Both men passed lie detector tests and were questioned under hypnosis. Investigators are on record as claiming that their story never wavered. When interviewed by WLOX reporter Patrice Clark 35 years later, Hickson said, “I am not trying to force anybody to believe anything. I just simply tell them what happened to Calvin and me, and they make up their own minds if they want to believe it or not. There are objects that come from other worlds out there, and those worlds are . . . I have no idea.”
Hickson, who died in 2011 at the age of 80, was very public about the incident. He was still known to occasionally sell his book, “UFO Contact at Pascagoula,” outside local businesses. He reportedly told friends and family — and sometimes total strangers — that aliens continued to communicate with him via telepathic means.
In his book, which he co-authored with William Mendez, Hickson wrote that aliens contacted him three times following the abduction — in January 1974 at a local tree farm, in February 1974 at his home and on Mother’s Day in 1974 on Miss. 67. He said the messages were always the same — “We mean you no harm. You are the chosen one. Your world needs our help.”

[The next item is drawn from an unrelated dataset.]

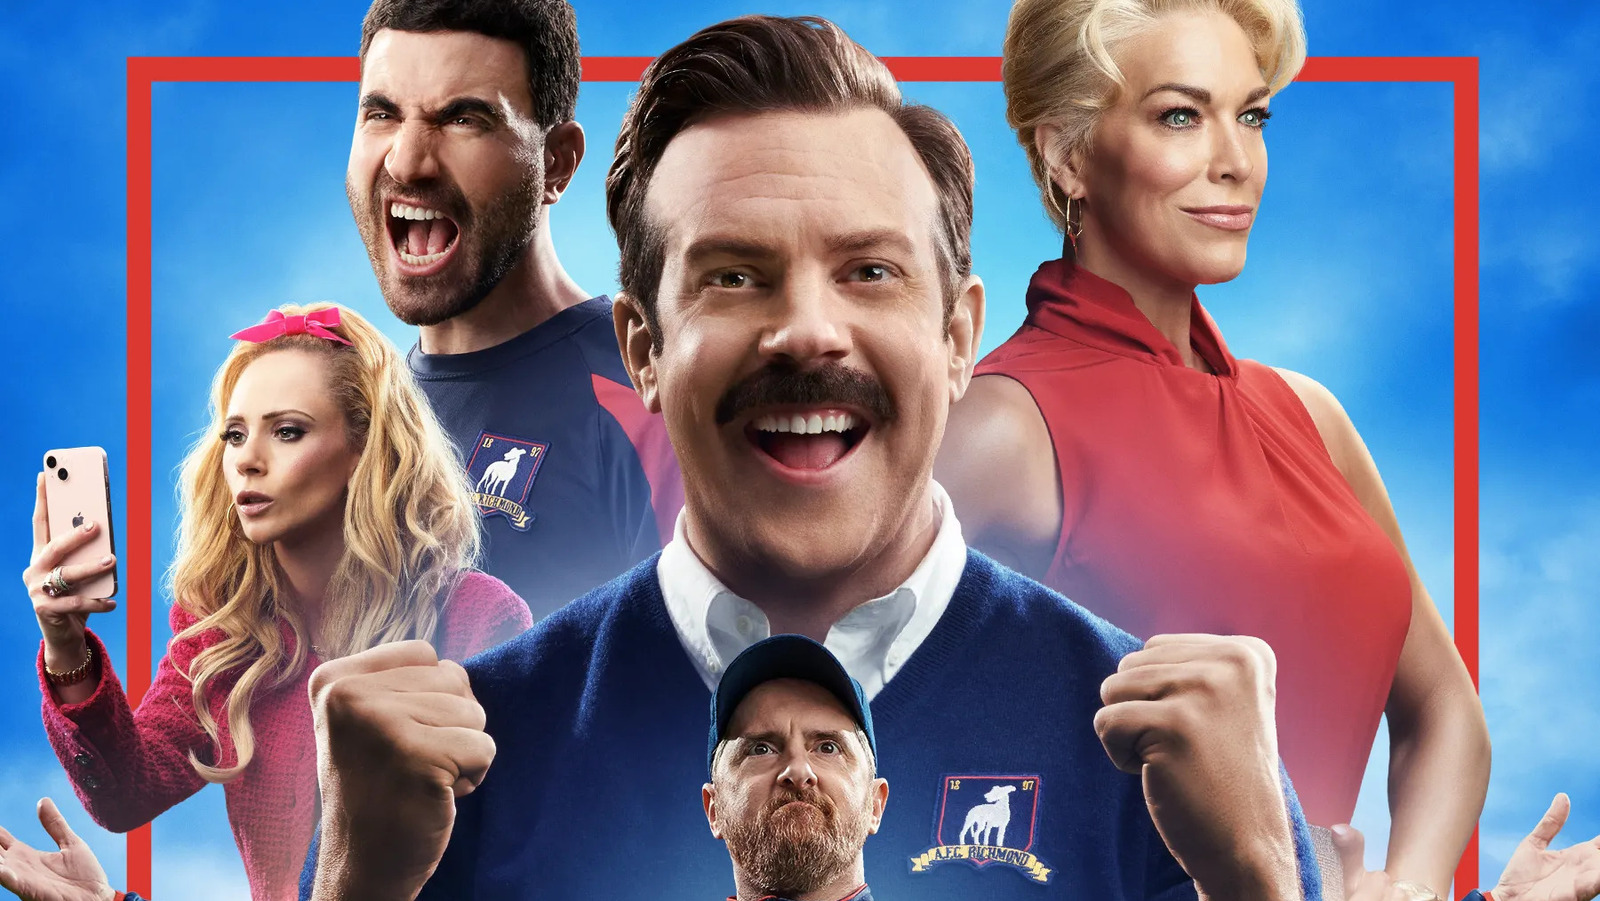 Stream ‘Ted Lasso’ Without Spending A Dime With This Free Apple TV+ Promo – SlashGear

Parker, however, was seriously disturbed by the events, and didn’t embrace the attention. In the years that followed, Parker said he changed jobs and relocated to other towns when people realized who he was, largely remained in the background without ever detailing the full account of what happened that night, how it affected him and his life, and other close encounters he has experienced down the years.
But in July, 2018, at the urging of his wife, Waynette, Parker published a book about the encounter to set the record straight. His book, Pascagoula – The Closest Encounter, containing the full transcript of Calvin Parker’s hypnotic regression session with the late Budd Hopkins, one of the world’s foremost researchers of this phenomena.
“I felt like everyone deserved an explanation,” Parker told the Clarion Ledger in 2018. “Everyone has an expiration date and I wanted to get this out there before I die. I’ve had some near-death experiences and I’m in bad health. I just wanted to do it.”
The book prompted others to come forward saying they saw objects in the sky that night that couldn’t be explained. These were compiled in a subsequent book, Pascagoula—The Story Continues: New Evidence & New Witnesses, published in September, 2019. Like Parker, many said they had been largely quiet about their sightings for 45 years due to fear of ridicule.
The retellingof the story also met with favor in Pascagoula. A historical marker was placed along the Pascagoula River and the city now celebrates the event with an annual alien festival in October.
The evidence of Hickson and Parker’s abduction was crucial in the establishment of the National UFO Reporting Center in 1974, an institution that conceivably could play a critical role in the security not only of our nation, but of our world itself, which might ultimately constitute Mississippi’s greatest contribution to mankind next to Elvis.